CRÔNICA - Dar de comer aos bichos



            As codornas ficavam num canto do quintal, entre duas paredes. Uma gaiolinha quadrada. Ali se encolhiam uma sobre a outra, sempre muito quietinhas, vez ou outra é que faziam algum barulho. O som da codorna é muito discreto. É difícil descrevê-lo. Não é escandaloso como o cacarejar das galinhas ou o grasnar dos patos. Aliás, é bom lembrar que as codornas não cacarejam nem grasnam. As codornas trilham ou piam. O trilhar é como um sininho, som agudo, leve.
             Davam muito ovo. Era impressionante. Mais ovo que as galinhas. Certa vez, decidi fritar em vez de cozinhar. Um ovinho frito, um miniovo, uma beleza. As galinhas, se me lembro bem, davam pouco ovo. Na verdade, confesso que não me lembro de nenhum ovo de galinha. Acho que criávamos mal aqueles galináceos. Talvez não lhes déssemos ração suficiente, talvez as tirássemos do sério. Galinha mal humorada não costuma dar ovo. E também não havia um galo para ajudá-las a dar ovo. Muita vez eu acidentalmente tropicava em alguma, deixando-a tonta. Uma galinha tonta não vai dar ovo, claro.
            A criação foi expandindo. Eu achava que deveria criar minhocuçu. O minhocuçu serviria para alimentar as galinhas e para vender para pesca. Arrumei um aquário de vidro, quadrado, pus terra, muita minhoca, e esperei que elas crescessem. Não me dei conta de que minhoca cresce e vira minhoca, não minhocuçu.
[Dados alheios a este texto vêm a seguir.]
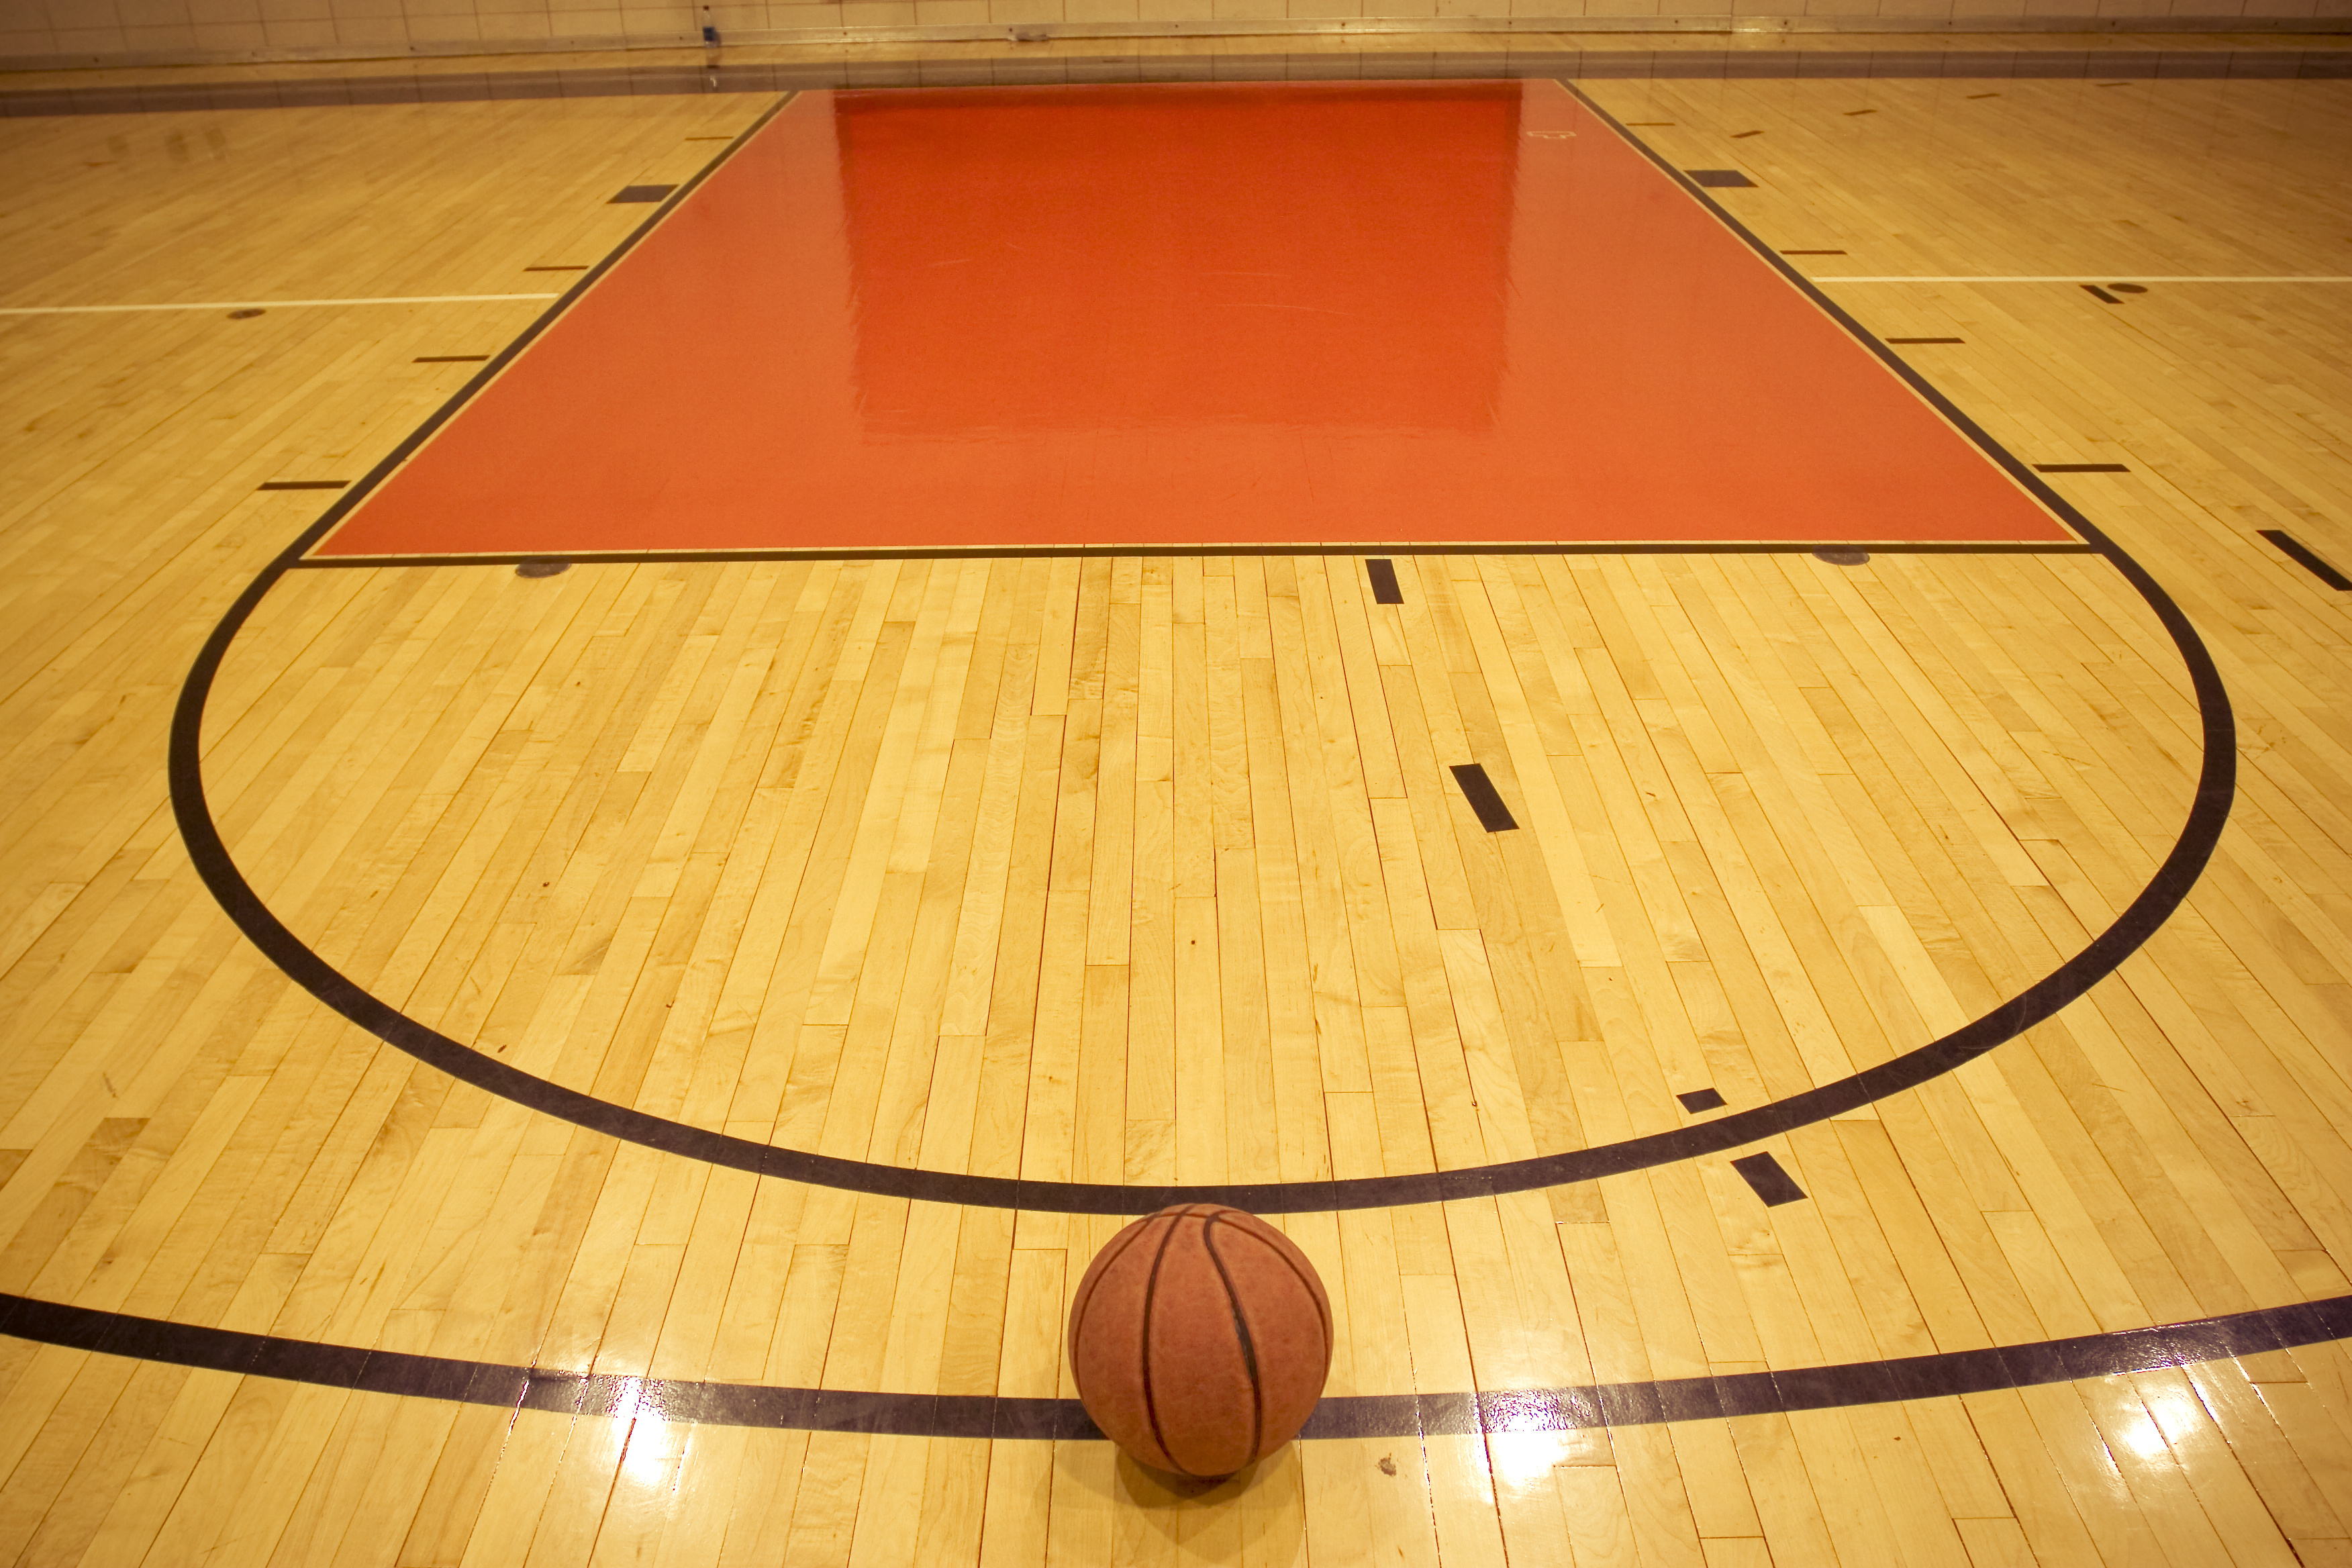 Slam Dunk Polyurethane Is On The Court, Basketball Hardwood Floor

Para crescer e virar minhocuçu, tem que ser minhocuçu de nascença. Mas onde eu encontraria minhocuçu? Até hoje não sei.
            Depois vieram os girinos. Esses eu não encontrei em São Paulo. Nem no Parque Ibirapuera. Chegamos a trazer uns filhotinhos. Mas não eram girinos. Eram peixes, naquele tempo em que peixe é idêntico a girino. Os girinos foram crescendo, crescendo e me decepcionaram: viraram peixes. Joguei-os no lago do parque ao lado de casa.
            Você acredita que ainda sinto vontade de alimentar essas criações? Não sei você, mas sinto um prazer enorme em dar de comer a um bicho. Acordar de manhãzinha e pôr ração para o cachorro, dizer para ele:
            — Come, bicho, come. — Lançar milho para galinhas, criar minhocas gordas para engordá-las, pôr a ração das codornizes no potinho e vê-las se tornarem bolinhas ambulantes. Nem sinto tanta falta dos bichos. Mas sinto falta de ter muitos bichos, para lhes dar de comer. Não existe nada mais lindo que uma galinha obesa.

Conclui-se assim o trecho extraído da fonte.